Check this site and search the page for exact phrase "triangular hole". It describes (sadly, without a picture) a charm claimed to have been issued at the China pavilion at the 1901 World Fair (Charleston?), described as "Ch'ien-lung T'ung-pao & trigrams, rev dragon, triangular hole". I suppose the squiggly thing on the back could be a dragon.

#2: "Krieg" is German for "war", so it's war emergency money. "Kreis" means "circle" or "district", and "gardelegen" doesn't translate sensibly ("guard-put"), so I'll assume that last one is the name of the place. My notgeld checklist has an entry for
Gardelegen, in Saxony; in that town were issued a couple of types of paper notes, "municipal metal" tokens and food/beer tokens. I'd guess this is the second category of item, a token issued during the war by the local civil authority. Have to see the other side to be sure.
#3:
Aachen is an old Free City in far western Germany, and issued it's own "real coins" back in the 1700's (it's the first country, alphabetically, in my OFEC list). In notgeld times, it's listed as having issued paper items plus POW official metal, municipal metal, private metal, encased stamps, streetcar tokens and WWII items. The other side might offer a clue as to which this is.

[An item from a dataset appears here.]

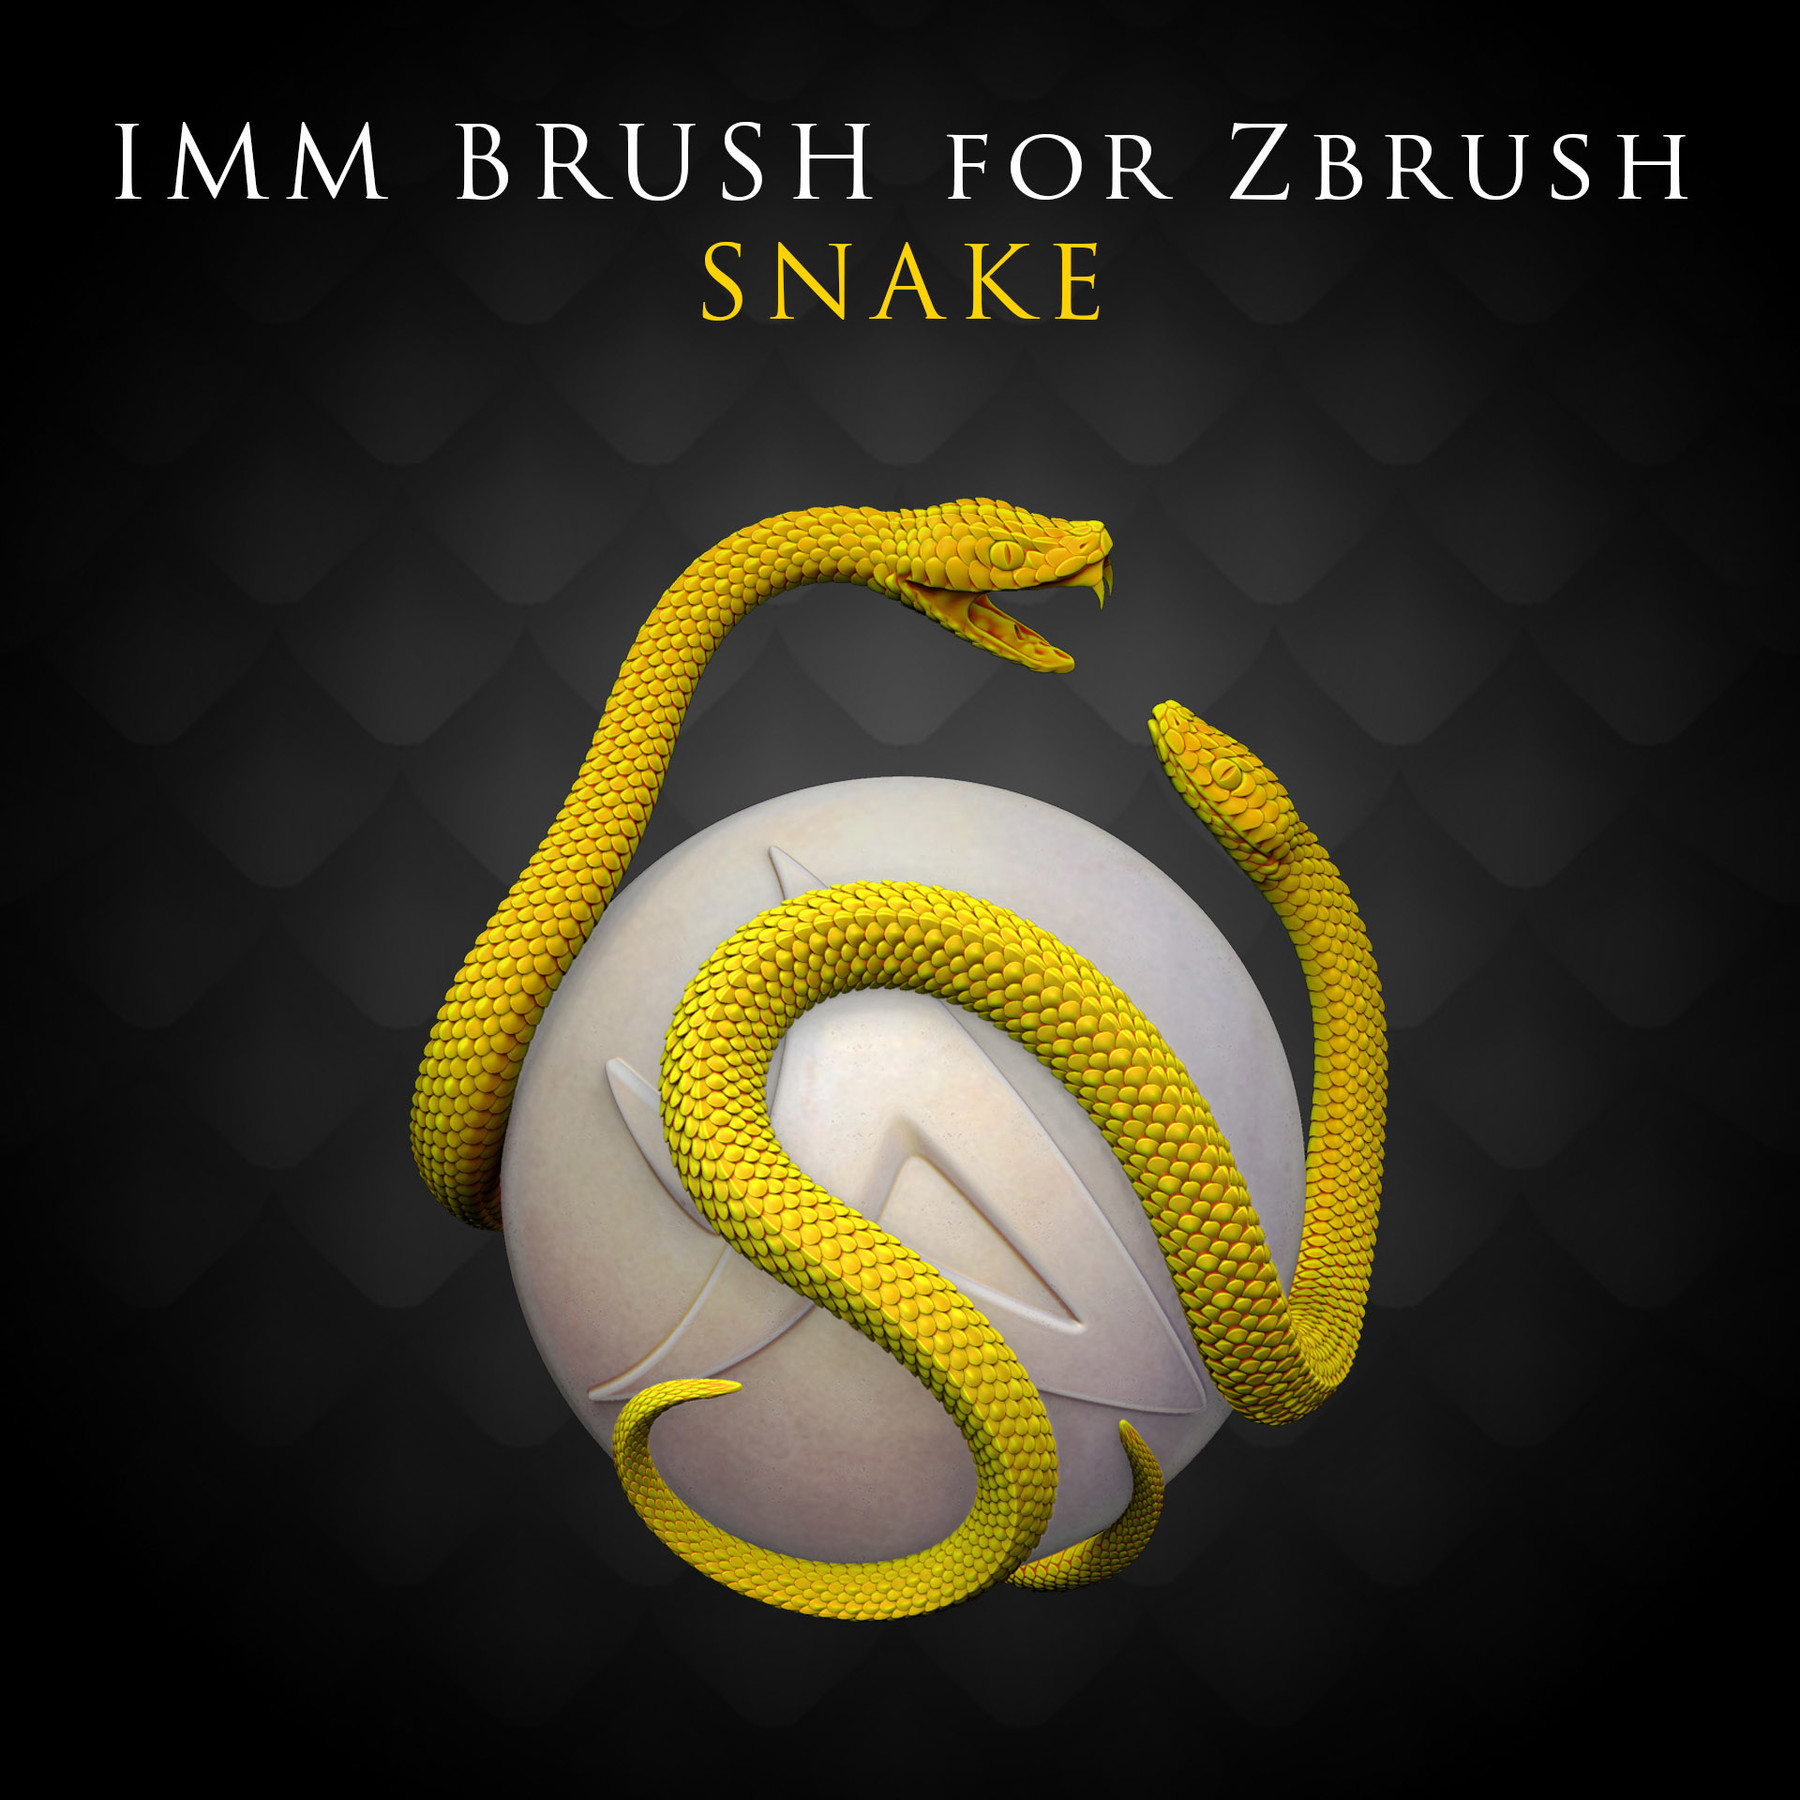 snake brushes for zbrush

#4: "Spielgeld" is play money (or game money) in German. Hard to date.
#5: It looks like a Kwangtung small milled cash, 1906-1908 (KM/Y# 191) except that only the top character matches. A Hong Kong 1 mil from the 1860's is another "close, but not quite". Given that the rest of the items in this quiz are all tokens, I'll stick my neck out and guess this one is, too.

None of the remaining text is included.